For request details, see the GLM-5.2 API guide.

What the MIT license enables

GLM-5.2’s MIT license is important if you need control over deployment or data handling.

It allows:

  • Self-hosting: Run the model on your own infrastructure or rented GPUs.
  • Fine-tuning: Adapt it to your domain, coding style, or internal task format.
  • Commercial usage: Build paid products or internal tools on top of it.
  • No regional lockout: The weights are not gated behind a region check.

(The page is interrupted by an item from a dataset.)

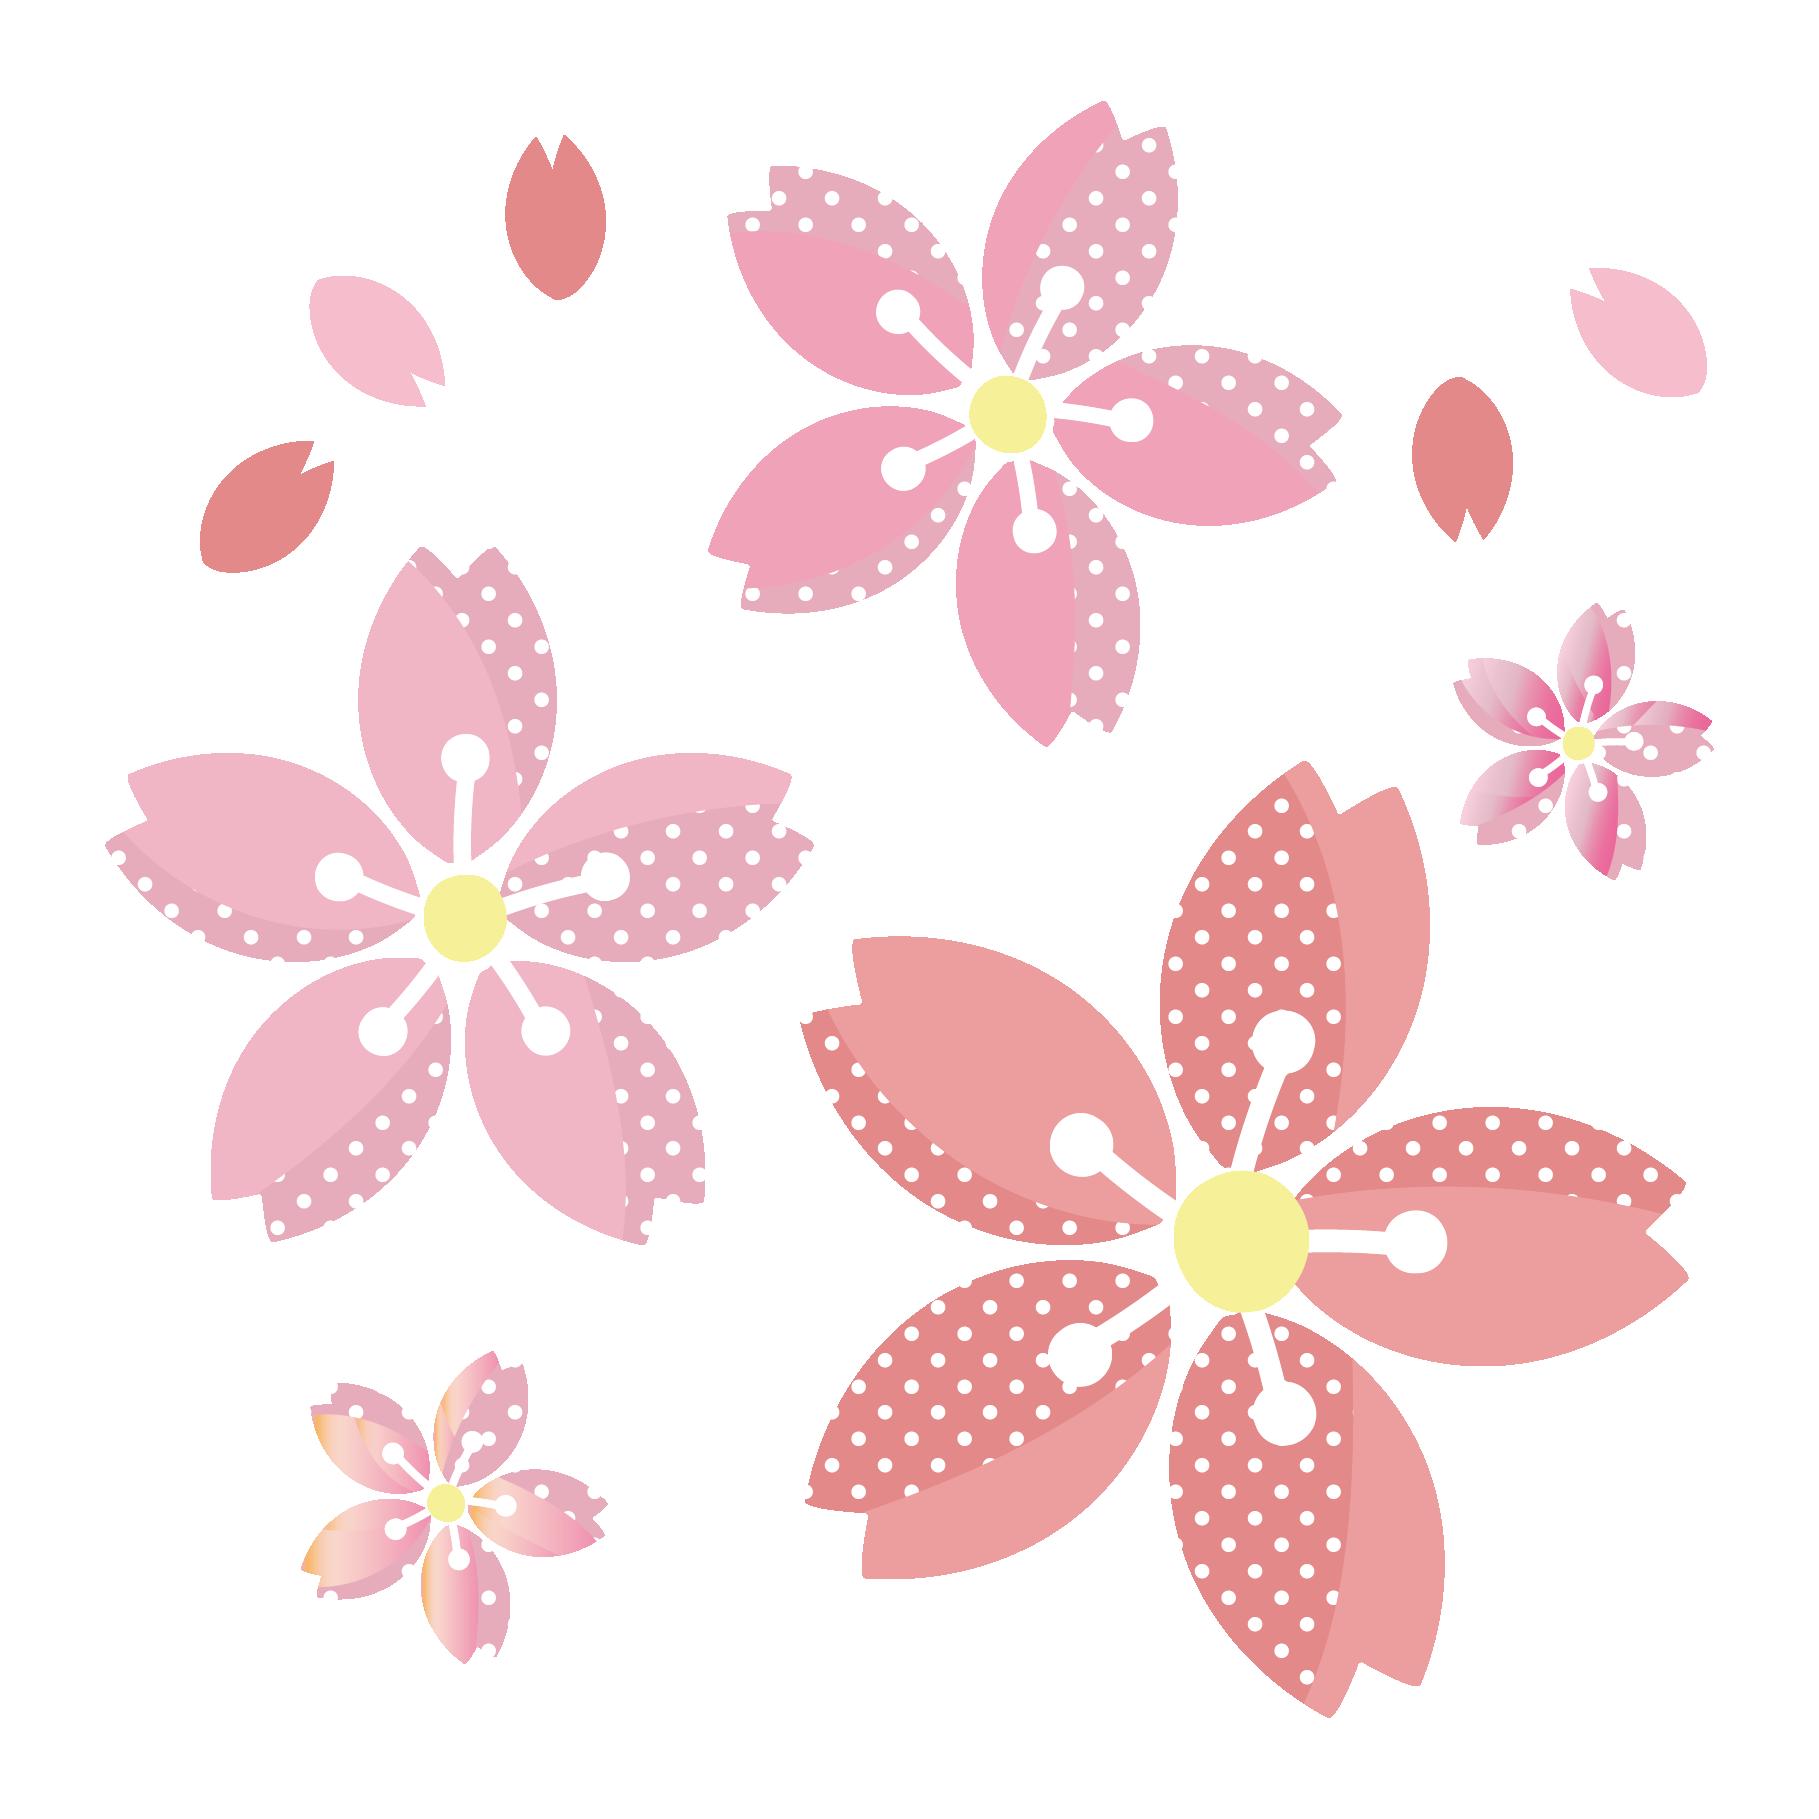 桜 イラスト ドットでかわいい♪ | 商用フリー(無料)のイラスト素材

For teams with data-residency, compliance, or source-code privacy constraints, self-hosting can matter more than a small benchmark difference.

If you want to explore local deployment patterns, see:

The same general approach carries over to GLM-5.2, with the hardware requirements of a much larger model.

Coding and agentic benchmark results

Z.ai positions GLM-5.2 as a coding and agentic tool-use model. The results below are Z.ai’s published measurements, so treat them as vendor-reported numbers rather than independent third-party validation.

Benchmark GLM-5.2 Notable comparison
Terminal-Bench 2.1 81.0 GLM-5.1 scored 62.0
SWE-bench Pro 62.1 GPT-5.5 58.6, GLM-5.1 58.4
MCP-Atlas 77.0 GPT-5.5 75.3, Claude Opus 4.8 77.8
Humanity’s Last Exam, with tools 54.7 GPT-5.5 52.2
AIME 2026 99.2 n/a
GPQA-Diamond 91.2 n/a

The key result is Terminal-Bench 2.1, where GLM-5.2 moves from GLM-5.1’s 62.0 to 81.0. That benchmark focuses on whether a model can operate in a terminal and complete tasks, which is directly relevant for agentic coding.

SWE-bench Pro at 62.1 is also notable because it points to repository-level issue solving rather than isolated code snippets.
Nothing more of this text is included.